Open MPI User's Mailing List Archives

  |   Home   |   Support   |   FAQ   |   all Open MPI User's mailing list

Subject: Re: [OMPI users] Segfaults w/ both 1.4 and 1.5 on CentOS 6.2/SGE
From: Joshua Baker-LePain (jlb17_at_[hidden])
Date: 2012-03-15 00:22:53


On Wed, 14 Mar 2012 at 5:50pm, Ralph Castain wrote

> On Mar 14, 2012, at 5:44 PM, Reuti wrote:

>> (I was just typing when Ralph's message came in: I can confirm this. To
>> avoid it, it would mean for Open MPI to collect all lines from the
>> hostfile which are on the same machine. SGE creates entries for each
>> queue/host pair in the machine file).
>
> Hmmm…I can take a look at the allocator module and see why we aren't
> doing it. Would the host names be the same for the two queues?
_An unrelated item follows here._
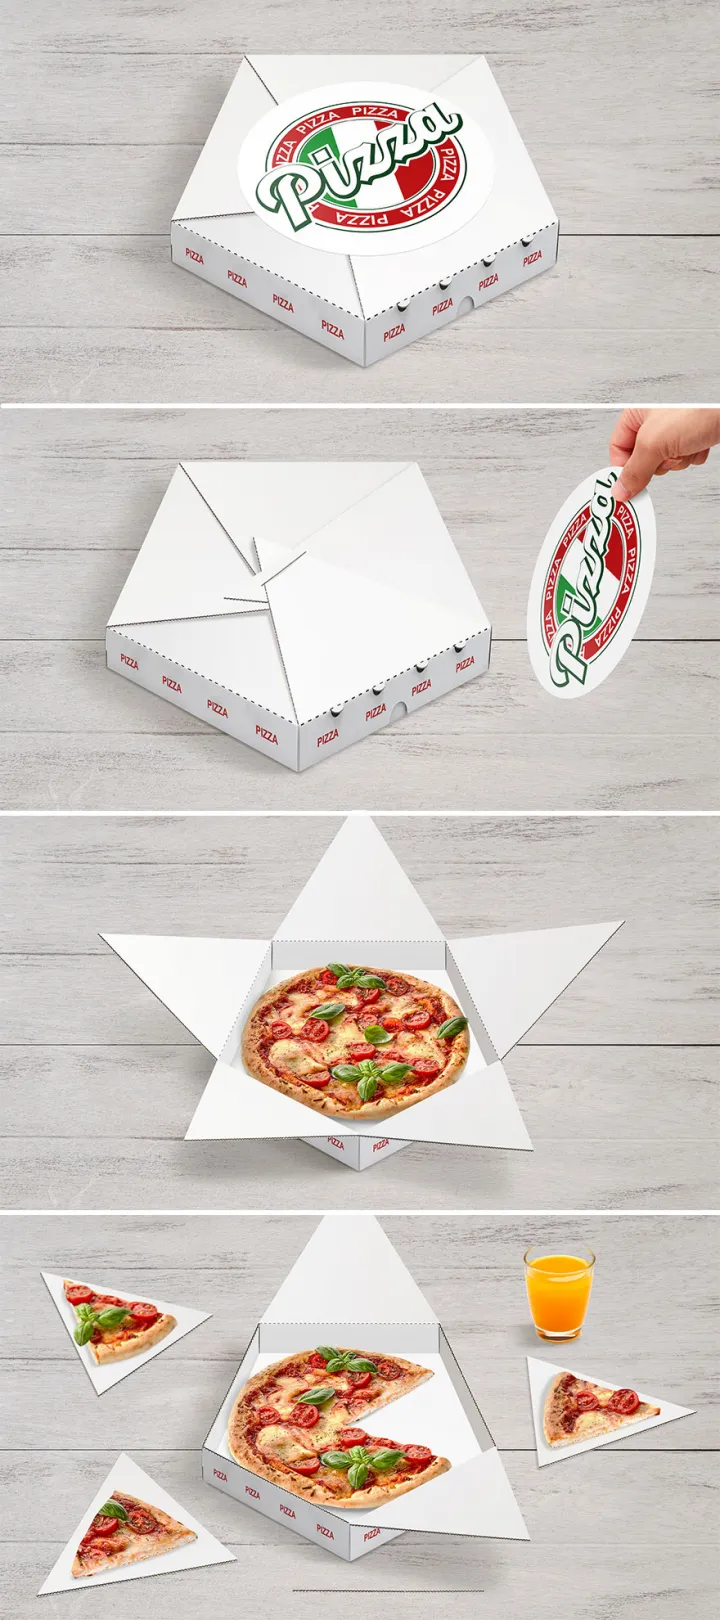 Упаковка для пиццы, в которой части коробки становятся тарелками.

I can't speak authoritatively like Reuti can, but here's what a hostfile
looks like on my cluster (note that all our name resolution is done via
/etc/hosts -- there's no DNS involved):

iq103 8 lab.q_at_iq103 <NULL>
iq103 1 test.q_at_iq103 <NULL>
iq104 8 lab.q_at_iq104 <NULL>
iq104 1 test.q_at_iq104 <NULL>
opt221 2 lab.q_at_opt221 <NULL>
opt221 1 test.q_at_opt221 <NULL>

>> @Ralph: it could work if SGE would have a facility to request the
>> desired queue in `qrsh -inherit ...`, because then the $TMPDIR would be
>> unique for each orted again (assuming its using different ports for
>> each).
>
> Gotcha! I suspect getting the allocator to handle this cleanly is the
> better solution, though.

If I can help (testing patches, e.g.), let me know.

-- 
Joshua Baker-LePain
QB3 Shared Cluster Sysadmin
UCSF